Academic background
- Alma mater: University of Michigan

Academic work
- Institutions: Bryn Mawr College; Smith College

= Agnes Carr Vaughan =

American classical scholar

Agnes Carr Vaughan was Professor of Classical Languages and Literature at Smith College and an author of historical fiction set in the ancient world.

== Academic career ==
Vaughan studied at Galloway College and taught in high schools and colleges in Arkansas, Michigan and Missouri. Vaughan was awarded a PhD from the University of Michigan in 1917 for a thesis Madness in Greek thought and custom. She directed student productions of classical plays at Hardin College and Wells College. In 1926, she joined Smith College as associate professor in Greek and in 1945 was promoted to Professor of Classical Languages and Literature. She retired in 1952. She was awarded a Sophia Smith Fellowship for 1966–67. She was a member of the managing committee of the American School of Classical Studies at Athens from 1944 until her death in the 1970s.

== Publications ==

=== Academic work and non-fiction ===

- (1919) Madness in Greek thought and custom. Maryland: J. H. Furst company
- (1945) The genesis of human offspring.
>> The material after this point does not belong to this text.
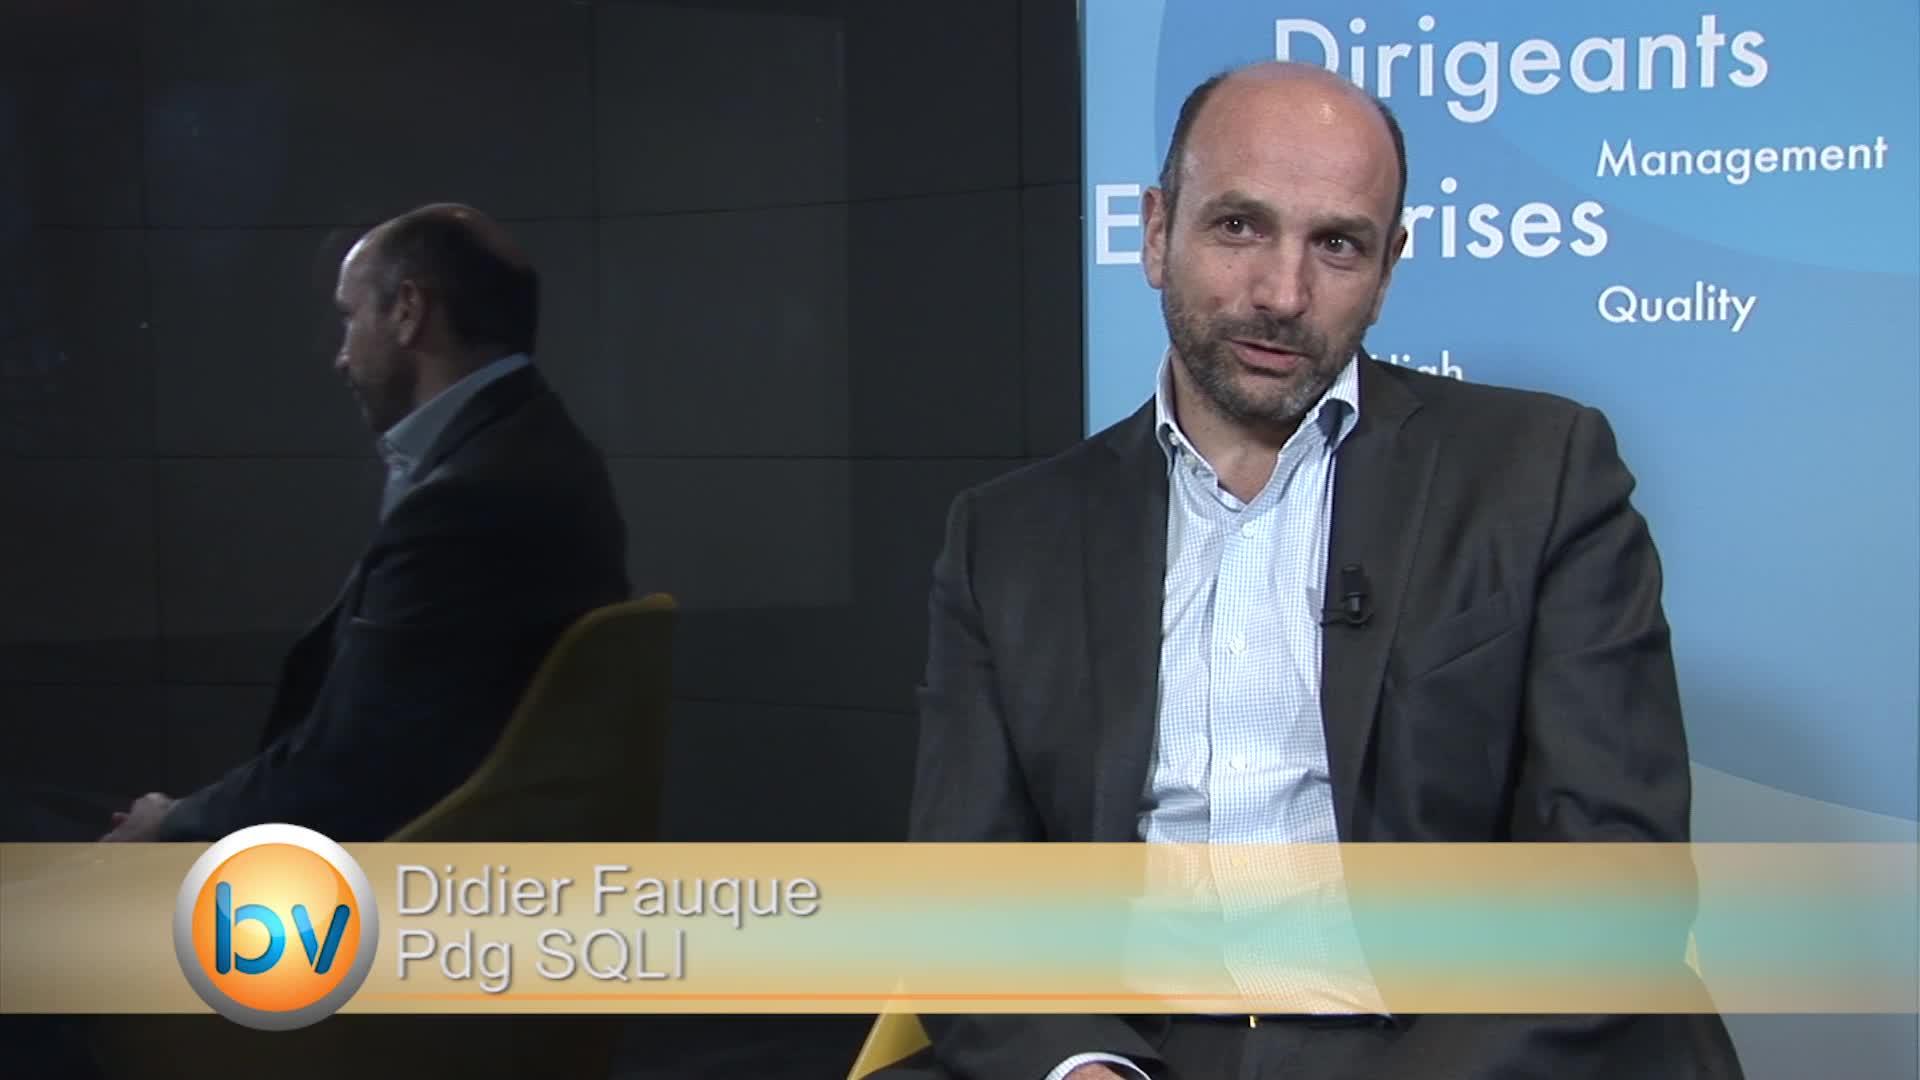 """Didier Fauque Pdg SQLI : """"Être à l'écoute du marché et des technologies et pouvoir les intégrer pour nos clients"""""""
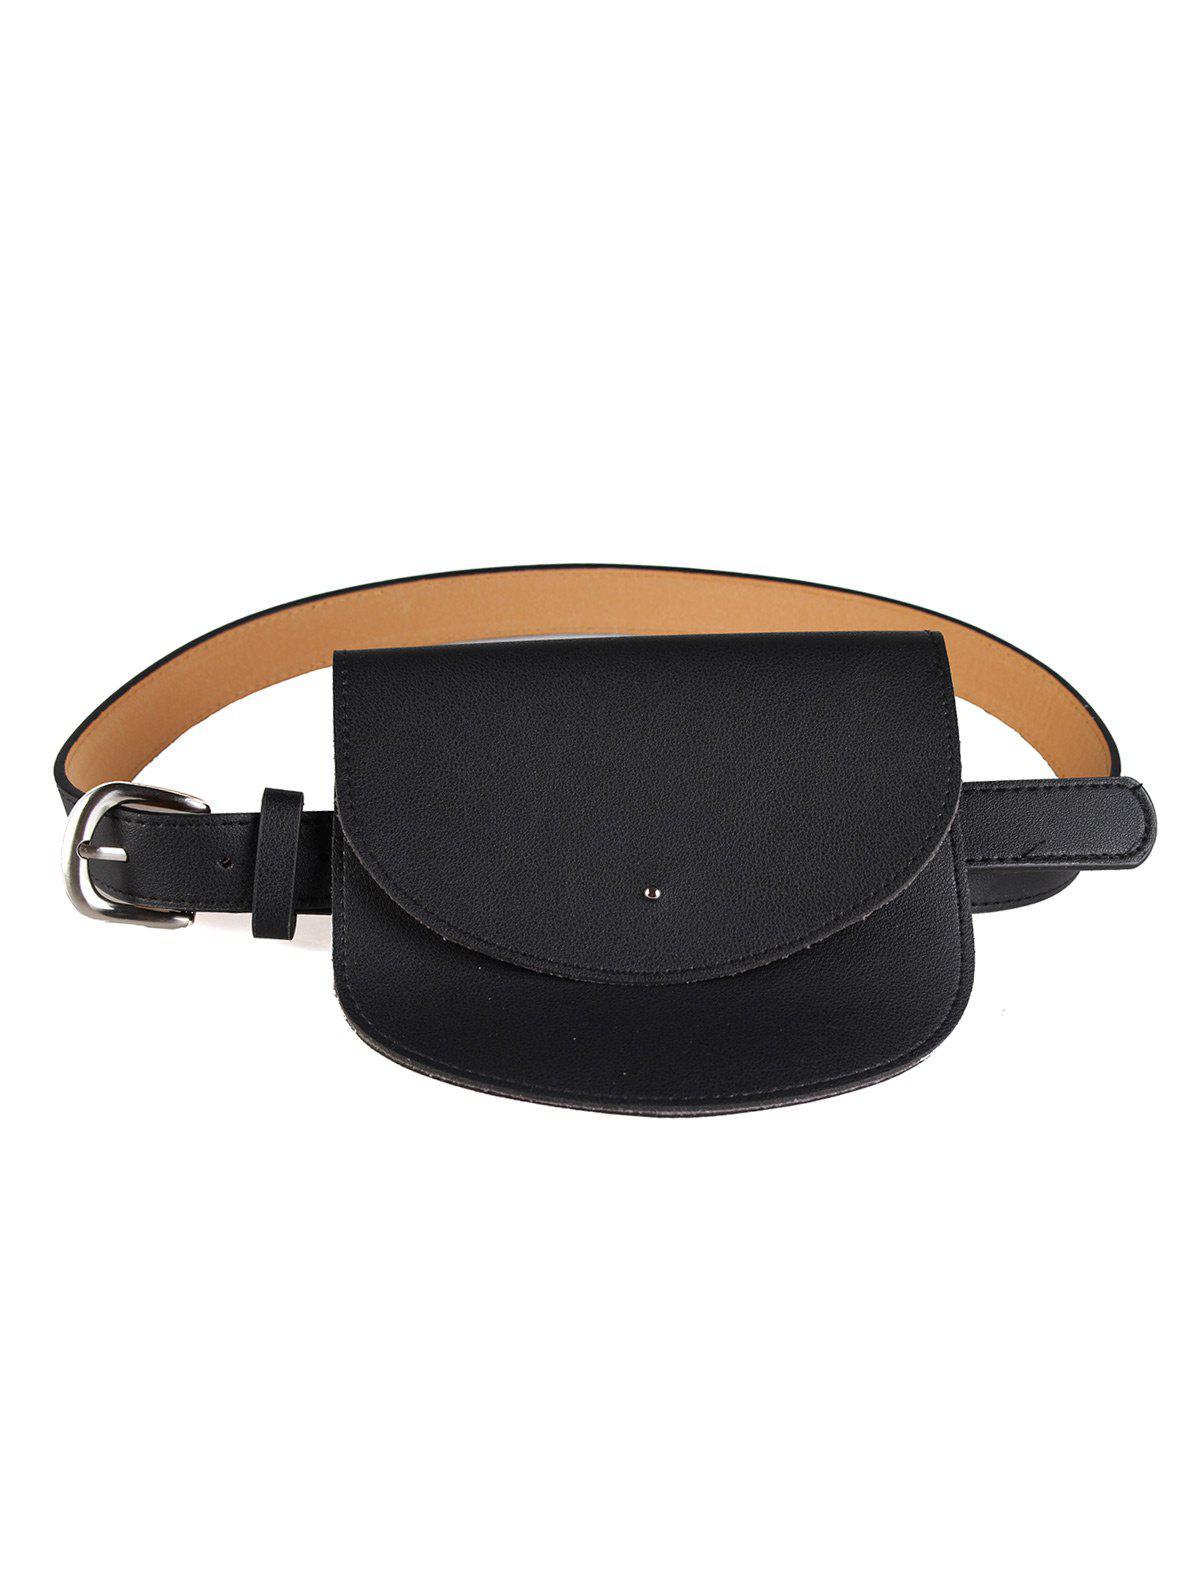 Mini Bag Decoration Faux Leather Waist Belt 244240501

Massachusetts: Smith College Classical Studies
- (1959) The House of the Double Axe; the palace at Knossos. New York: Doubleday
- (1964) Those Mysterious Etruscans. New York: Doubleday

=== Historical Fiction ===

- (1930) Lucian goes a-voyaging, illustrated by Harrie Wood. New York: A.A. Knopf
- (1932) Evenings in a Greek Bazaar. New York: A.A. Knopf
- (1935) Within the Walls. New York: Macmillan
- (1940) Akka, dwarf of Syracuse, illustrated by Elizabeth Tyler Wolcott. New York: Longmans, Green and co.